A traditional file system *will* work (ie emulate flash) but is sub-optimal for two reasons:
- it goes through the OS and layers of abstraction. For traditional storage the latency of these layers is negligible, but it's a significant cost when the distance to storage is a small multiple of the distance to DRAM.
- traditional file systems are designed to work with large chunks (eg 4kB size) and so do not take advantage of byte (or more realistically cache-line) addressing.
Work is being done on both these fronts. What is known publicly is Microsoft is working on a file system that is optimized for these characteristics like byte-addressable, and work is being done in Linux on how to make the control layer between app and storage as thin as possible.
A realistic analysis today, I think, would be that on the software side there are no lock-ins. I would expect that everyone you'd think has an interest (from Apple to Oracle to IBM) is working on one or both of the aspects I listed above; they just haven't said anything.
On the hardware side, hmm. Here's my analysis.
Intel, now in its decadent phase, is being run increasingly by a finance mindset (look for rent opportunities and exploit them as long as you can) rather than an engineering mindset (spread new tech as widely as possible because somehow it will take off and smart people can make money from that). So everything around Optane was designed to force enterprise customers to buy expensive special Xeons and expensive special Optane DIMMs, with no interest in the wider world beyond deep-pocketed enterprise.
Micron, still an engineering company, considered this an idiotic, short-sighted strategy, and so took back as much control as possible over the tech, and wants to sell it like any new tech you want to take off, at a range of price points, with huge ambitions that it spread everywhere (just like flash).
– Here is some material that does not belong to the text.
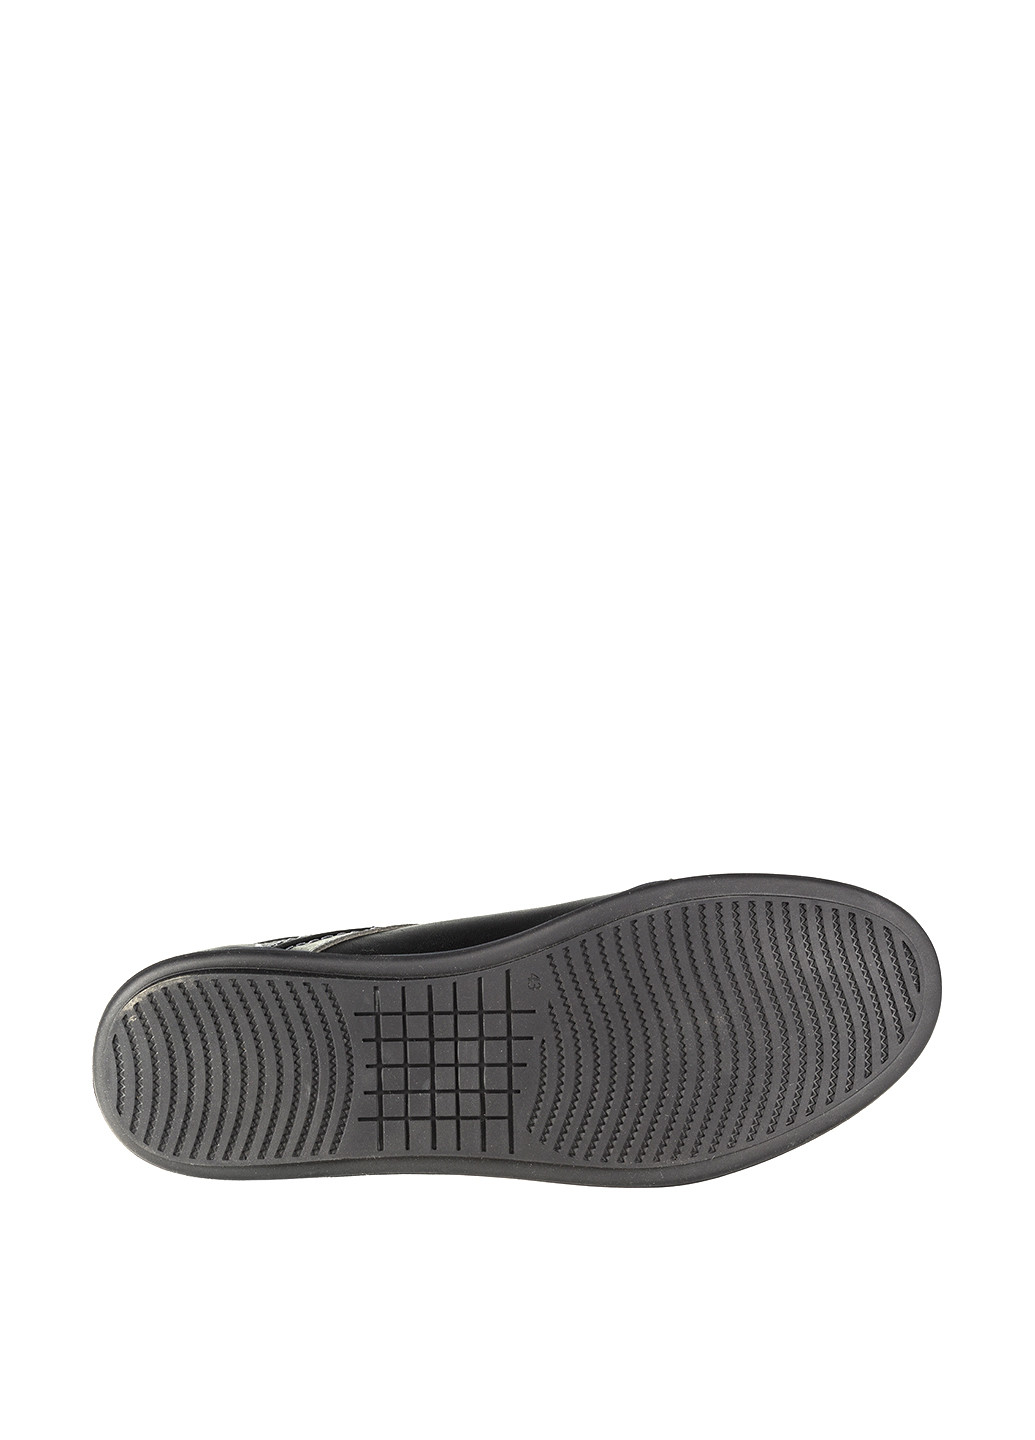 Черные спортивные туфли Westland на шнурках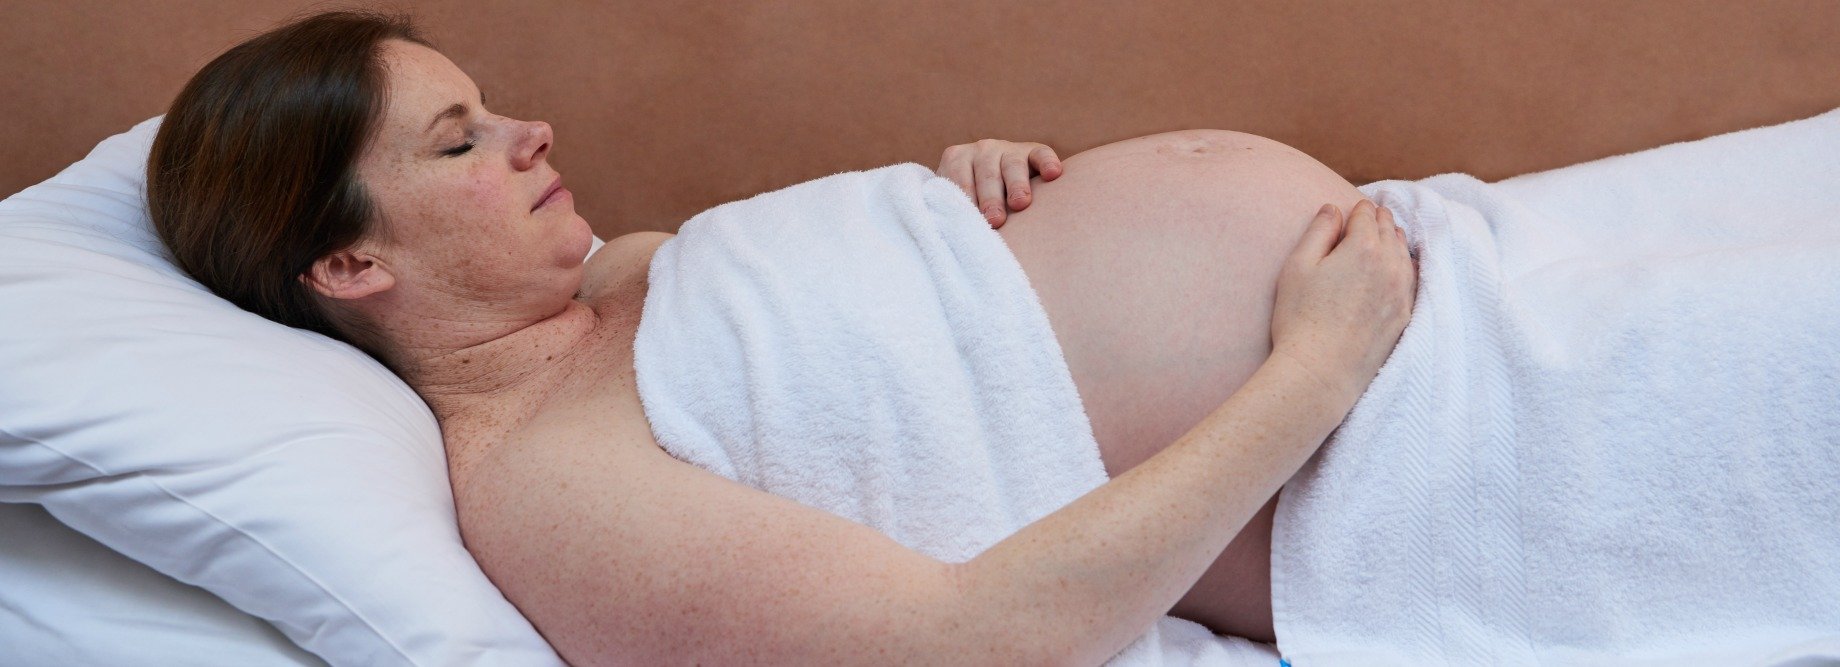 Prenatal Postnatal Treatments Pregnancy Massages Triyoga

So where does that leave us? ARM v8.2 (2016) included the sort of cache control instructions needed to control persistent memory, and presumably these will trickle out over the next few years into ARM server and lower end cores. (Apple definitely uses some ARMv8.3 features, but I don't know for definite if anyone has implemented these cache control instructions yet.) Presumably at some point AMD and IBM will do likewise, but I have seen nothing from them yet.
So, for another year or three, likely Intel will have the game to itself but fairly soon (before 2025, maybe 2023) I expect a commodity spec for the DIMMs, Micron to supply them (with, who knows, maybe Nantero and MRAM and other weird options also providing DIMMs), all the relevant CPUs providing the instructions necessary to exploit this stuff, and all the relevant OSs providing their part.